## [EXERCISE DATA]
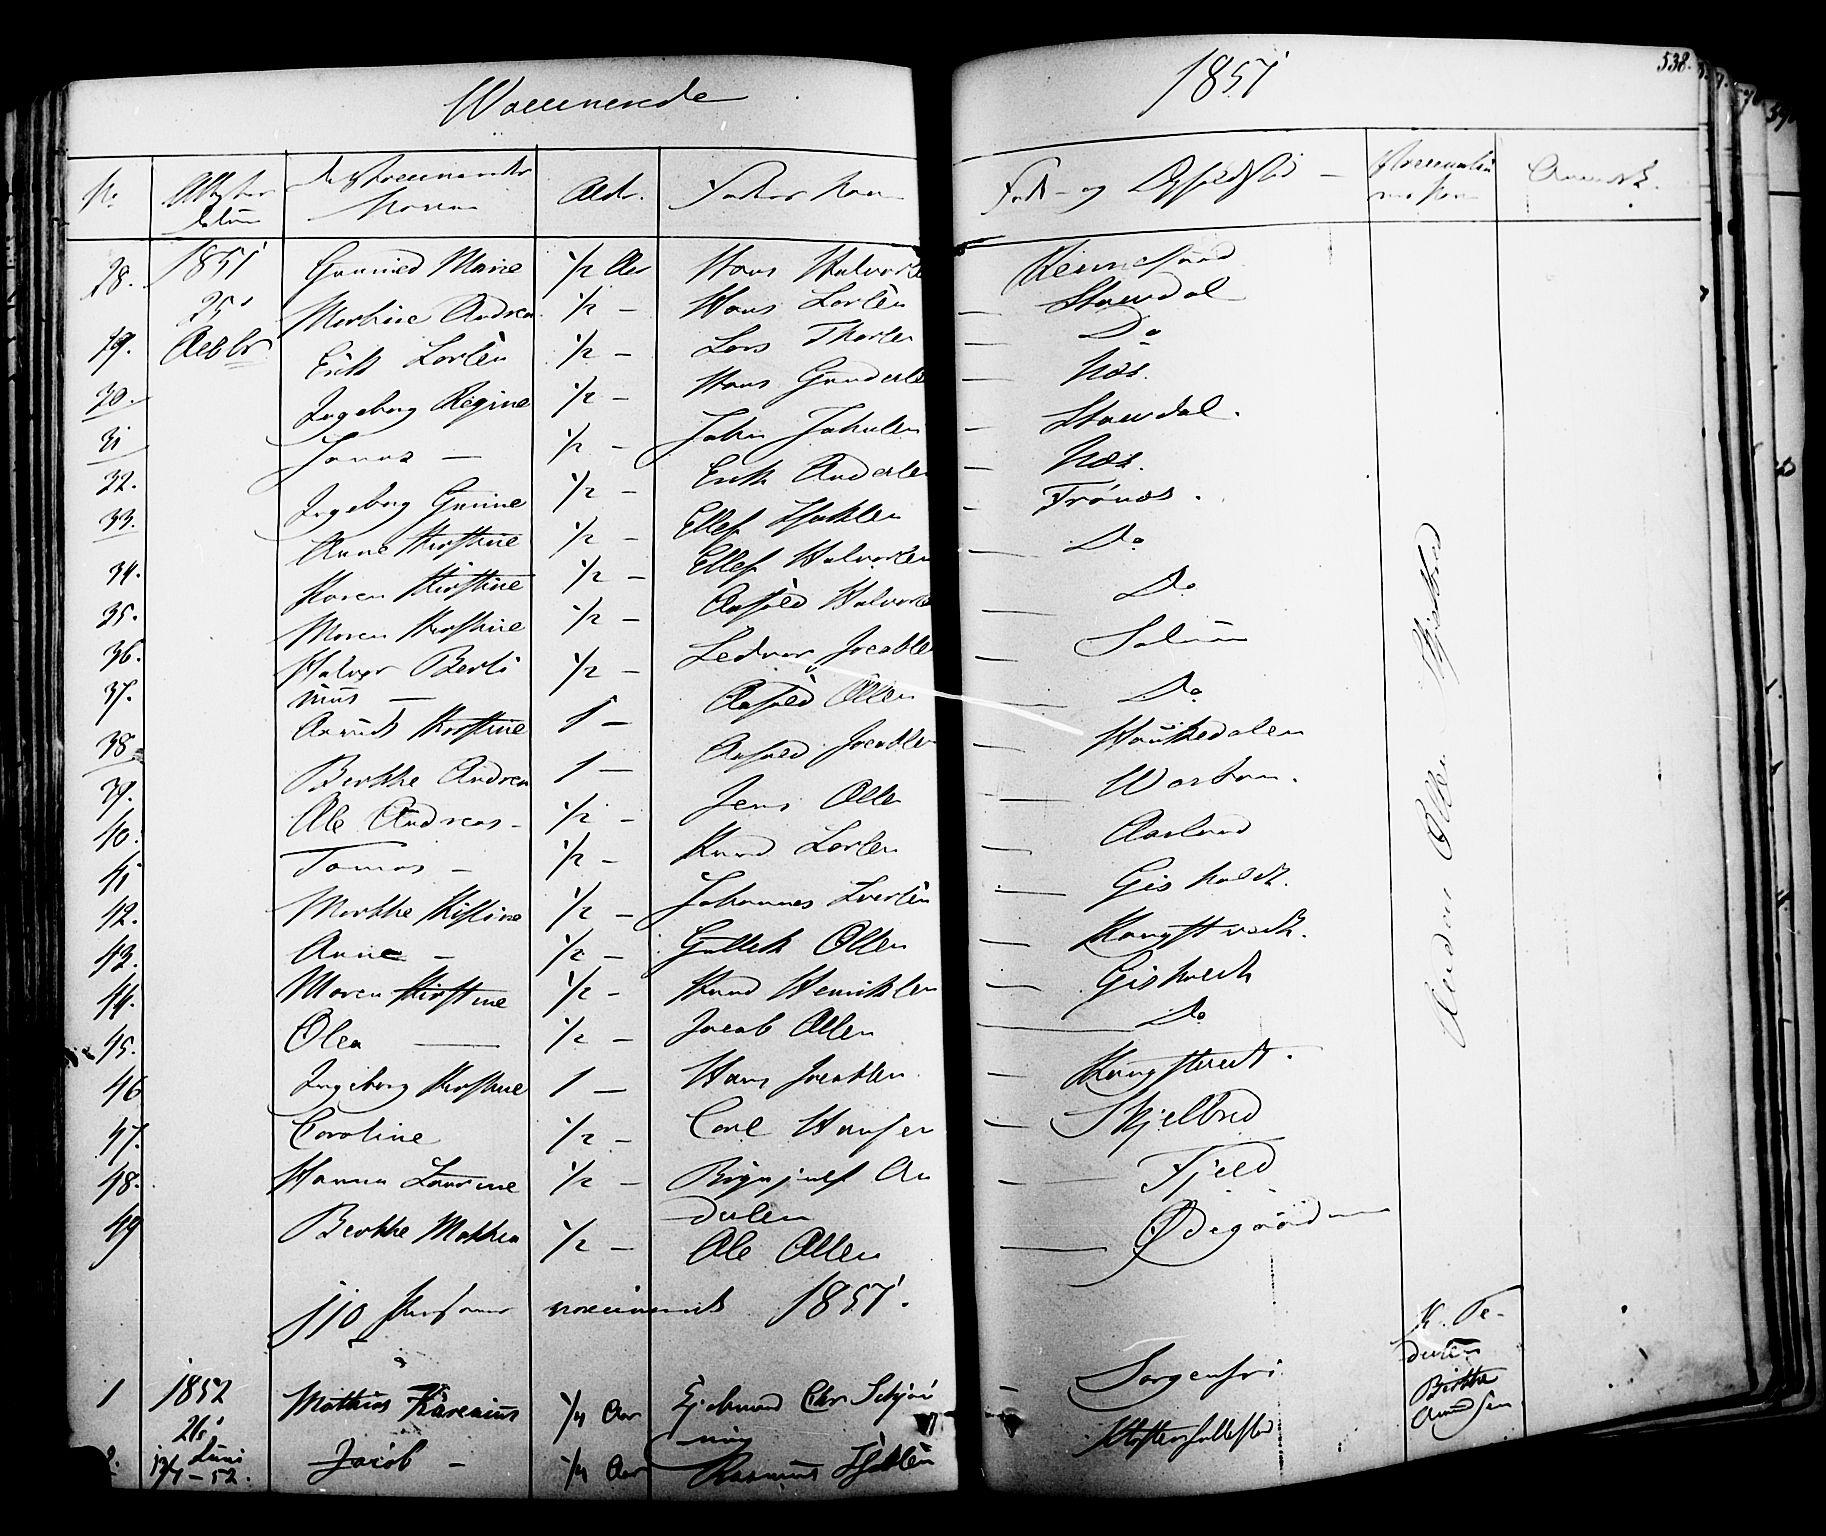 SAKO, Solum kirkebøker, F/Fa/L0006: Ministerialbok nr. I 6, 1844-1855, s. 538
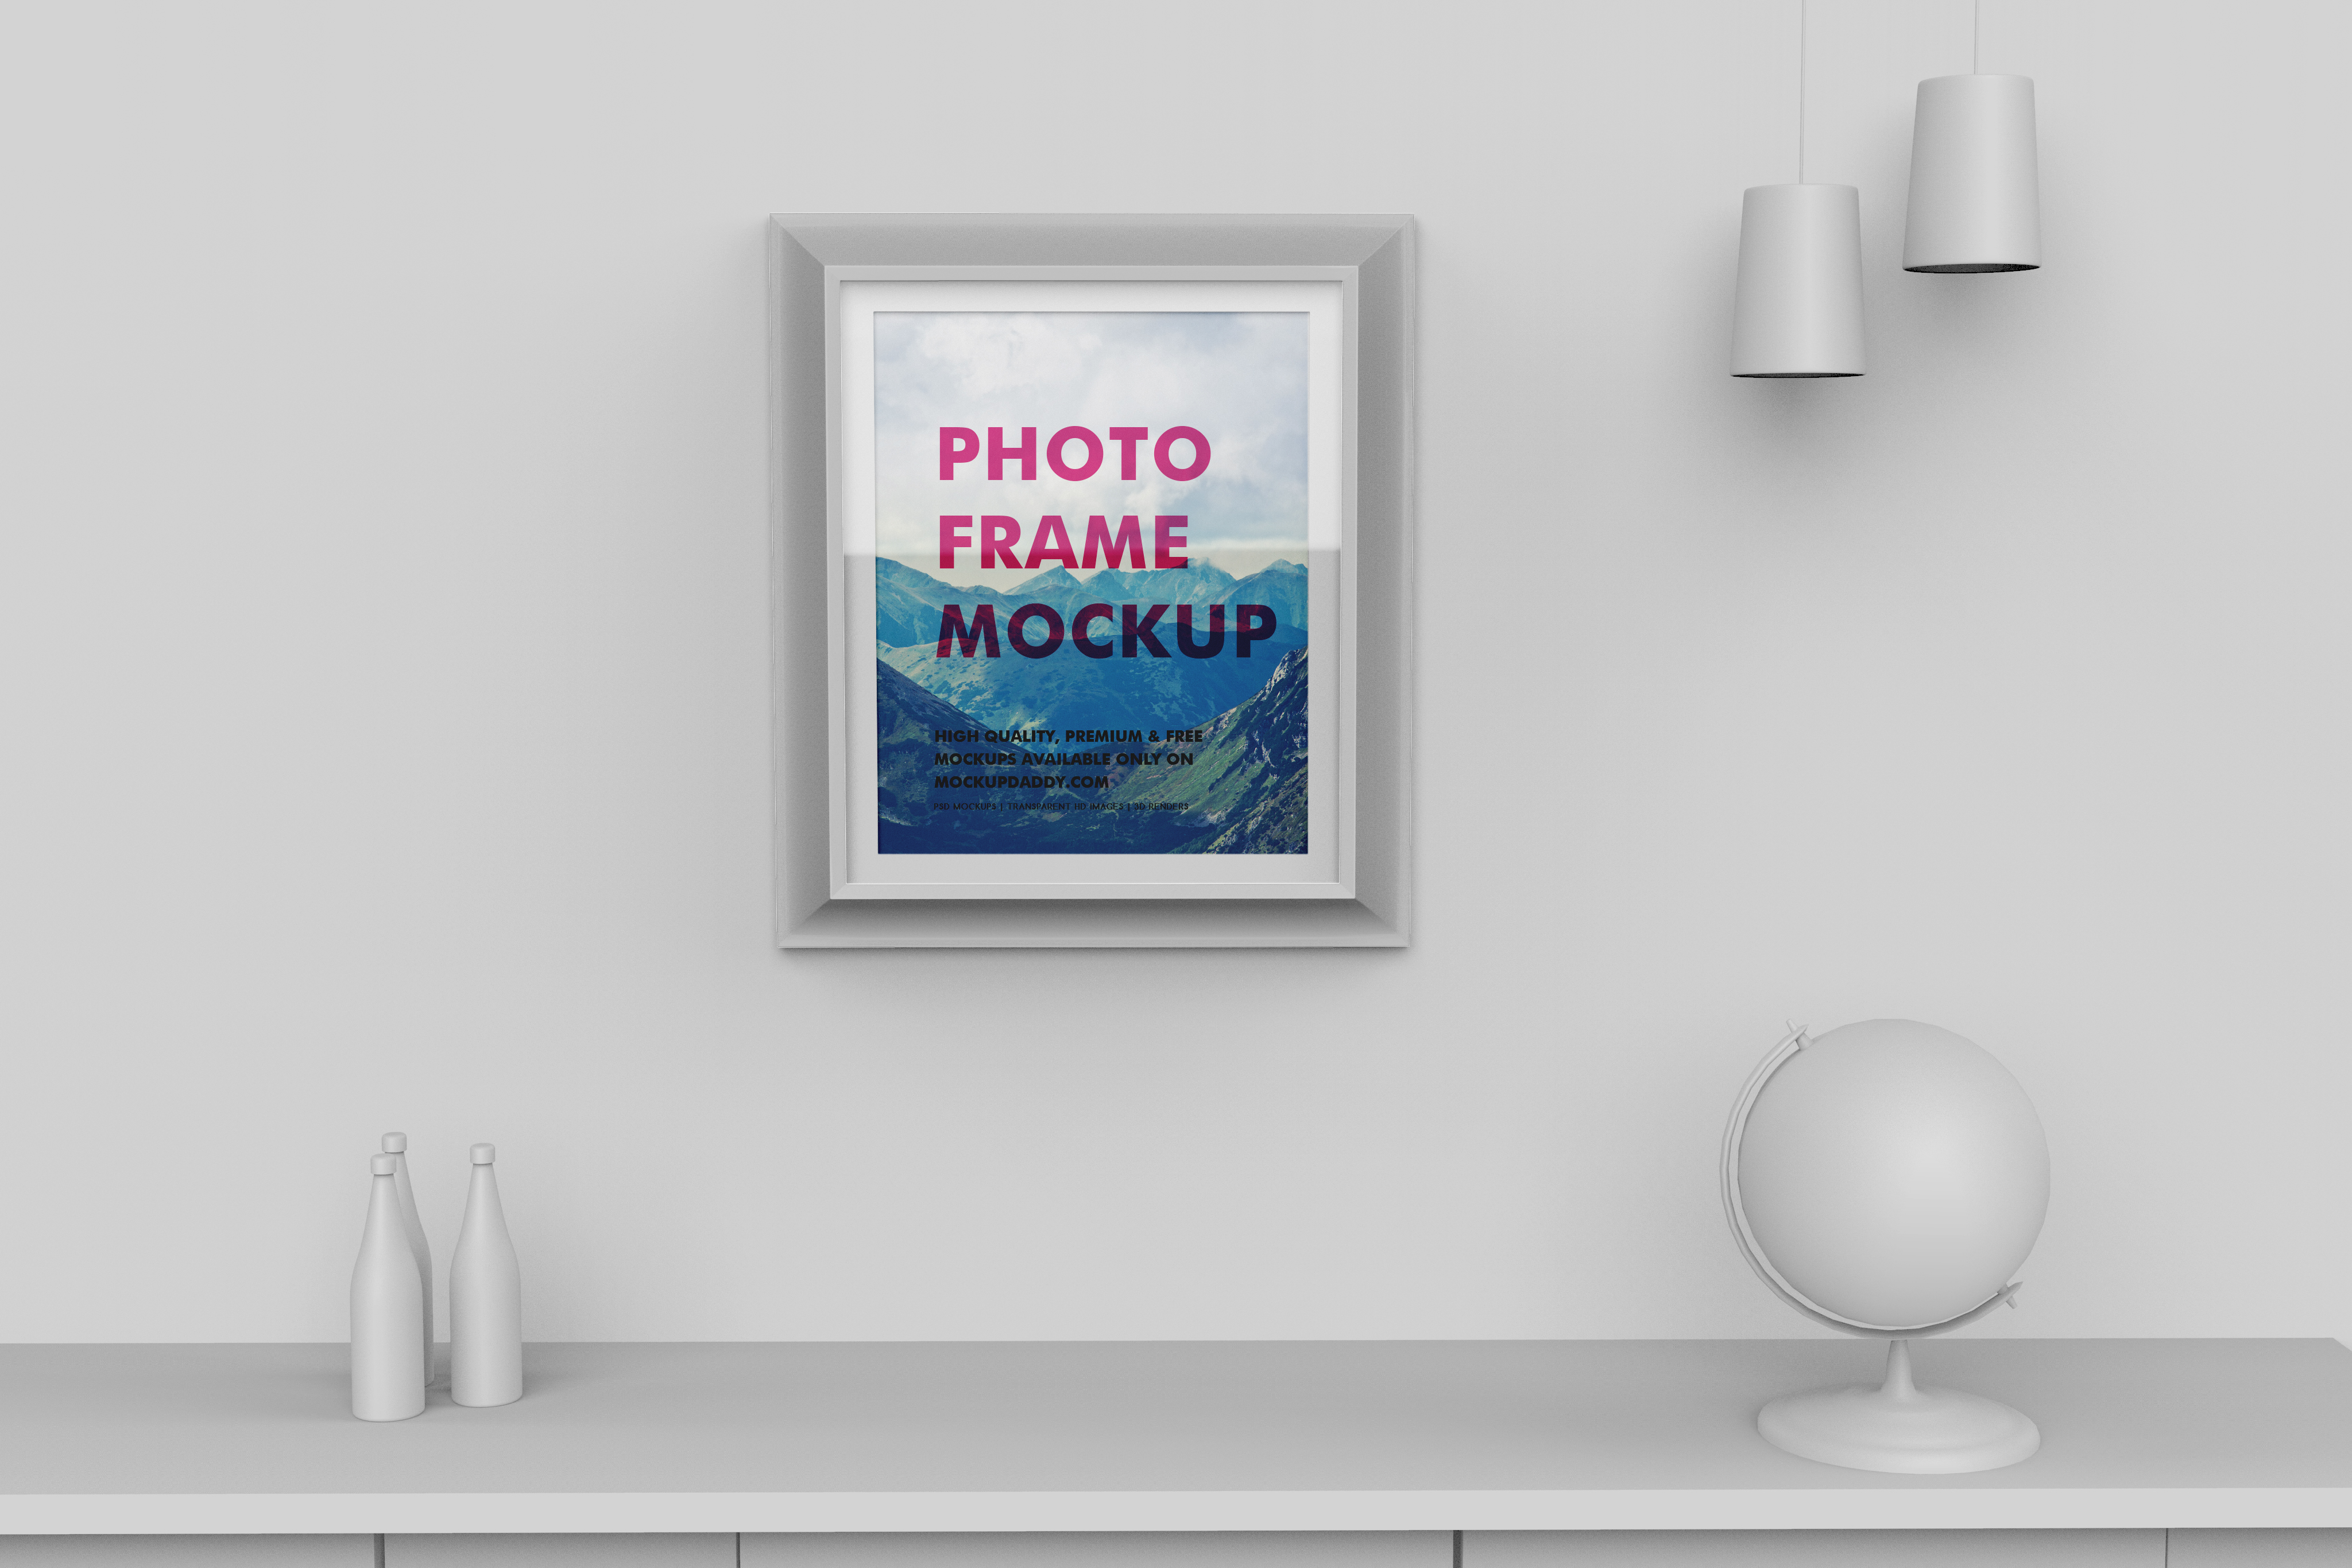 Photo Frame Mockup Free Download - Premium Branding Mockups
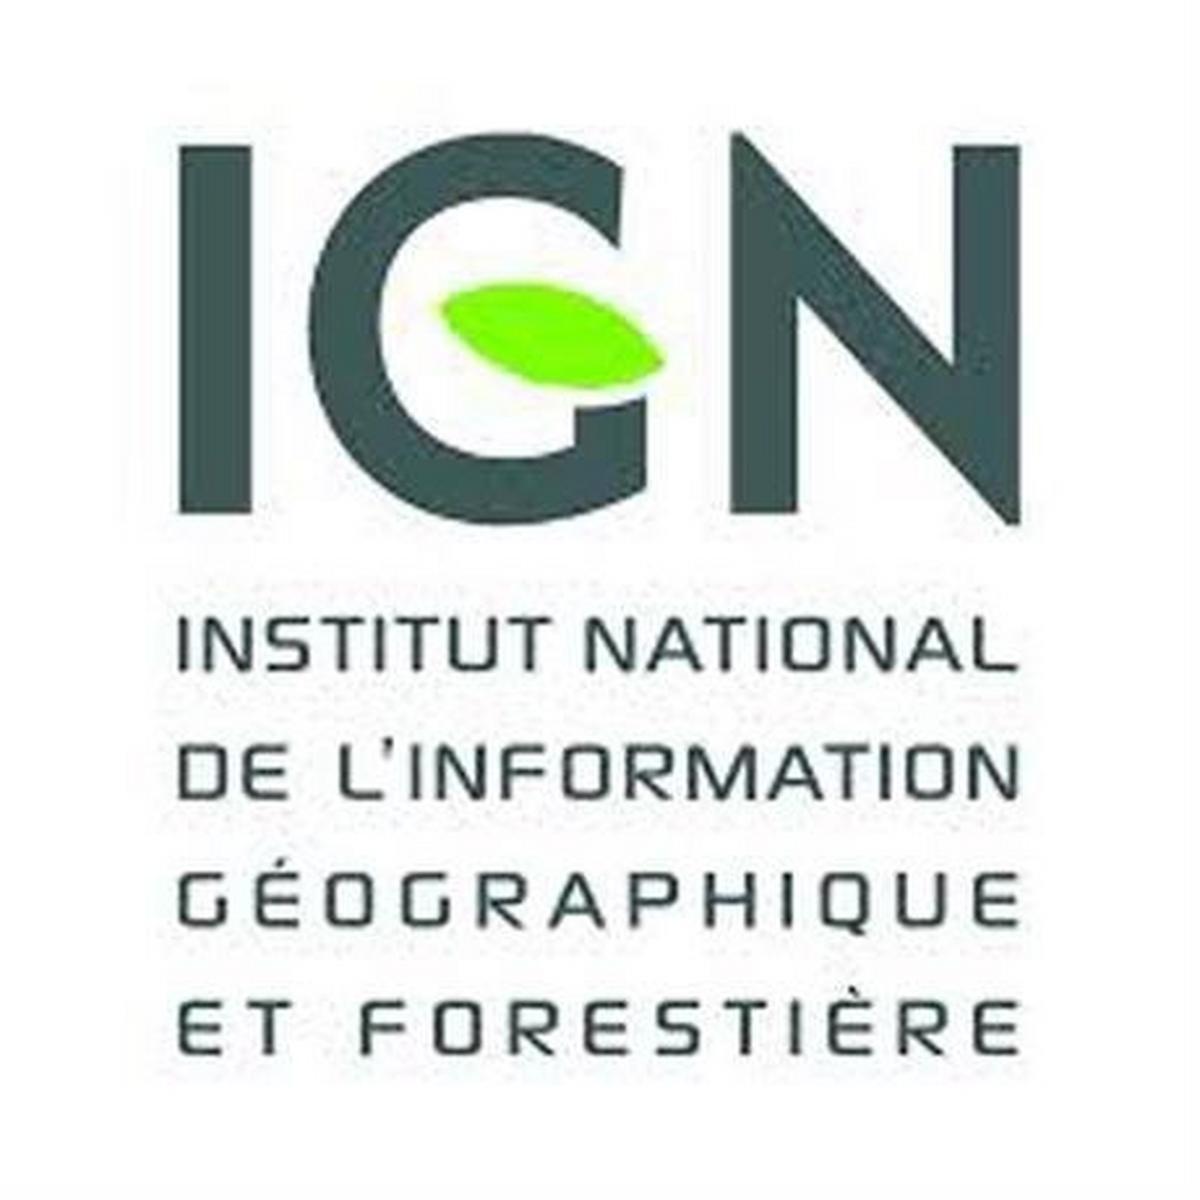 Ign Maps France Map 4252 OT Corsica: Monte Renoso - Bastelica GR20 1:25,000
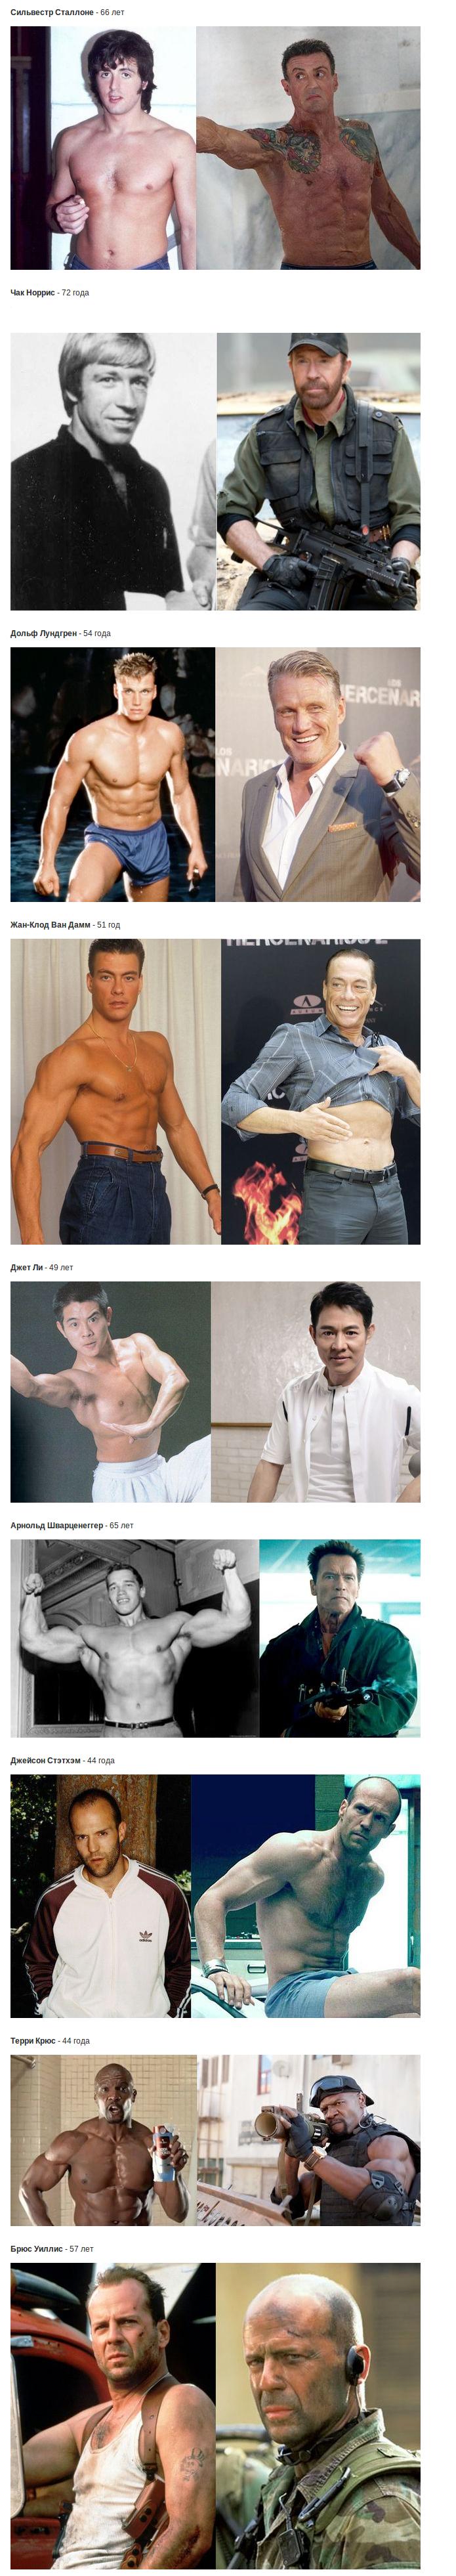 Актеры боевиков 80-90х годов

## [WHAT IS NEEDED]
The answer is the full listing above, reproduced character for character, minus its images.

## [YOUR RESPONSE]
 SAKO, Solum kirkebøker, F/Fa/L0006: Ministerialbok nr. I 6, 1844-1855, s. 538
 Photo Frame Mockup Free Download - Premium Branding Mockups
 Ign Maps France Map 4252 OT Corsica: Monte Renoso - Bastelica GR20 1:25,000
 Актеры боевиков 80-90х годов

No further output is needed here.